Размер шрифта
-
+

Испытание реализмом. Материалы научно-теоретической конференции «Творчество Юрия Полякова: традиция и новаторство» (к 60-летию писателя) - стр. 46

Червивой нарисована и окружающая этого персонажа действительность. Собственно, это не столько действительность, сколько симулякр действительности. При этом писатель не забыл ни одного аспекта псевдожизни постсоветской эпохи. Все они переданы с иронической гиперболой.

Из прошлой советской жизни так нарисованы Эвалд Оттович и «святой человек» Валентин Петрович. Борец с «Иосифом Ужасным» Красный Эвалд на поверку оказывается отнюдь не противником террора, а самым активным его сторонником. Но советским людям, якобы не созревшим для правды, решено об этом не говорить. Его помощник, столь верно служивший Эвалду, на самом деле главный доносчик на шефа, а «святой человек» Валентин Петрович оказывается бюрократом. История иронизирует над людьми. (Например, Сталин принял теорию классовой борьбы Эвалда, и тому «мало не показалось».) А Поляков иронизирует и над историей, и над горе-историками.

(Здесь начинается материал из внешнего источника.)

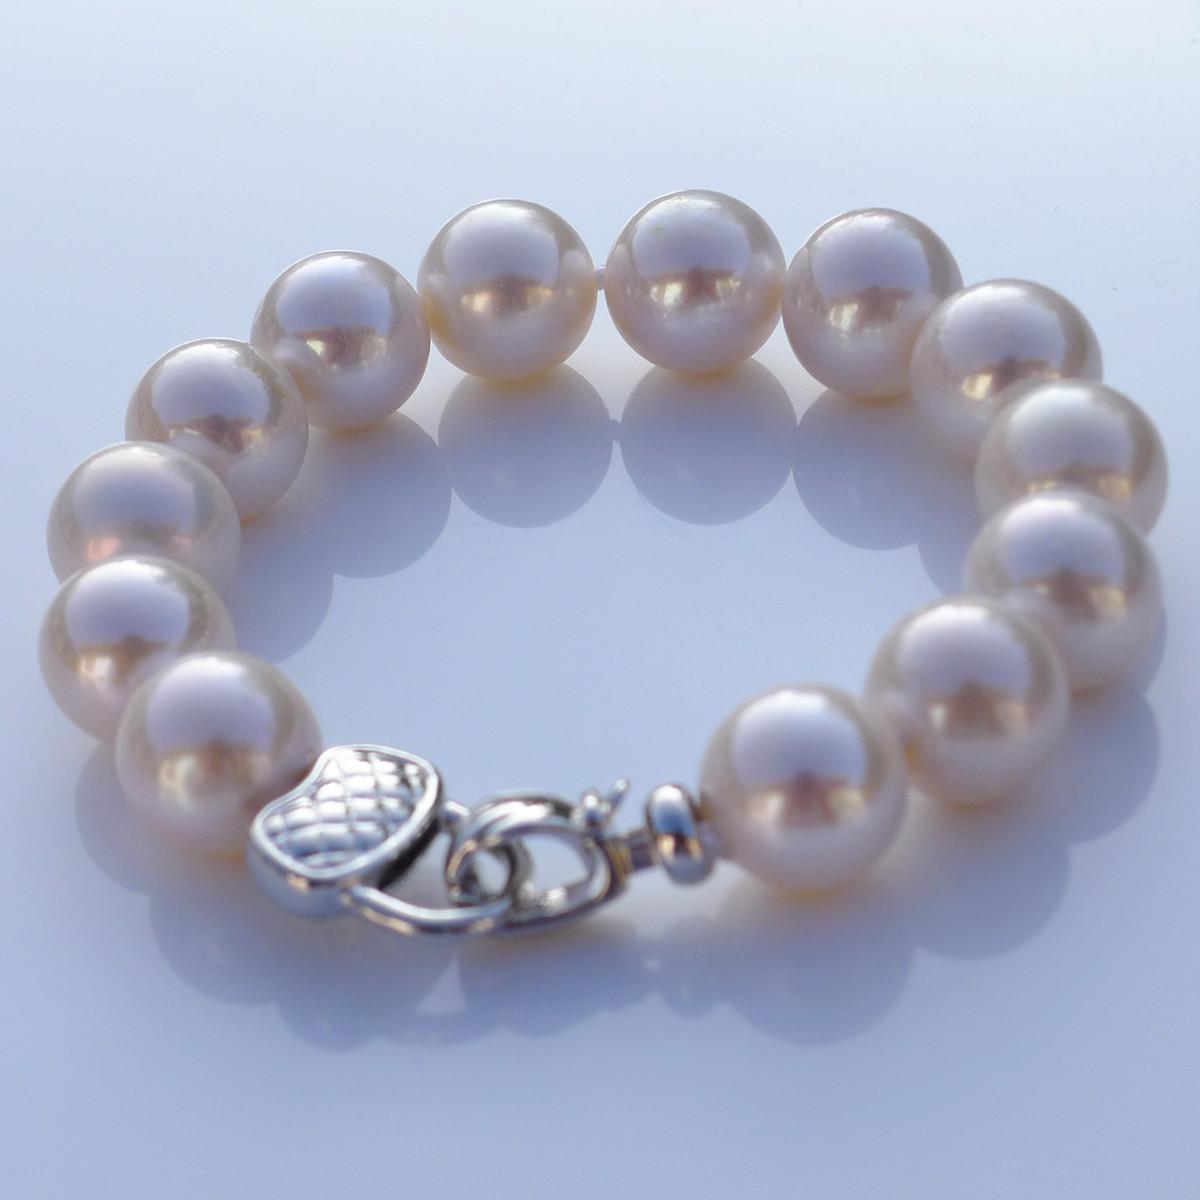 罕见特大12-13mm正圆强光天然珍珠手链手镯正品女925银扣

Другой симулякр в романе – коррупционеры под масками защитников новой России. Так, в 16-й главе подробно описывается юбилей большого начальника, бывшего шестидесятника Андрея Викторовича. Уже описание очереди выстроившихся для поздравления подхалимов – явный пастиш. Спародирован из высоких слов и циничного их понимания и образ юбиляра. «Вчера, – наставляет он Свирельникова, – коммунизм строили, сегодня – капитализм, завтра еще чего-нибудь придумают… А мы должны Россию строить, как бы это ни называлось». Андрей Дмитриевич дополняет эти рассуждения чиновника комментарием, что тот к новой лексике «приспособился, научился говорить про общечеловеческие ценности, брать откаты, однако ко всему, что случилось в Отечестве за последние 15 лет, относился как к какому-то дурному партийному уклону, вроде хрущевской кукурузомании». В 30-й главе эти характеристики обогатятся описанием одного из помощников Андрея Викторовича, некоего Болеслава Болеславовича Жолтикова, «чиновника для деликатных поручений, а именно получения и передачи взяток» шефу.

Не жалует автор и многочисленные выросшие, как грибы, партии, придумывая им весьма ироничные названия (например, партия гражданского общества, возглавляемая директором «Сантехглобола» Толкачиком, названа партией гражданского общества – сокращенно ГРОБ). А ее политтехнологи наделены весьма прозрачными фамилиями: Поплавковский, Подберезовский и Грузельский). К этому же виду иронии относятся и поименованные в 27-й главе партия потерпевших пешеходов (ППП) и общество любителей морских свинок.

Симулякром является и показная религиозность или мистическое сектантство. Бывший партийный пропагандист Венедикт Иванович Головачев, прозванный Трубой, становится отцом Вениамином и с прежним усердием проповедует то, что еще недавно отрицал. А Сергий Радонежский на иконе в строящемся храме «скорбно и недвижно глядел… размышляя, наверное, о том, зачем надо было насмерть биться на Куликовом поле с татарским игом, чтобы через шестьсот лет добровольно, да еще со слезами благодарности надеть на себя ярмо общечеловеческого прохиндейства». Священничество, по Полякову, подобно большевикам. Современные поклонники российских святынь только что не дошли до байкеровских миссионерских пробегов, с идеей который носится о. Вениамин. Впрочем, и внецерковные попытки обожествления техники и глобализации вызывают ироническую характеристику Ю. Полякова: «Храмы Великой Кнопки».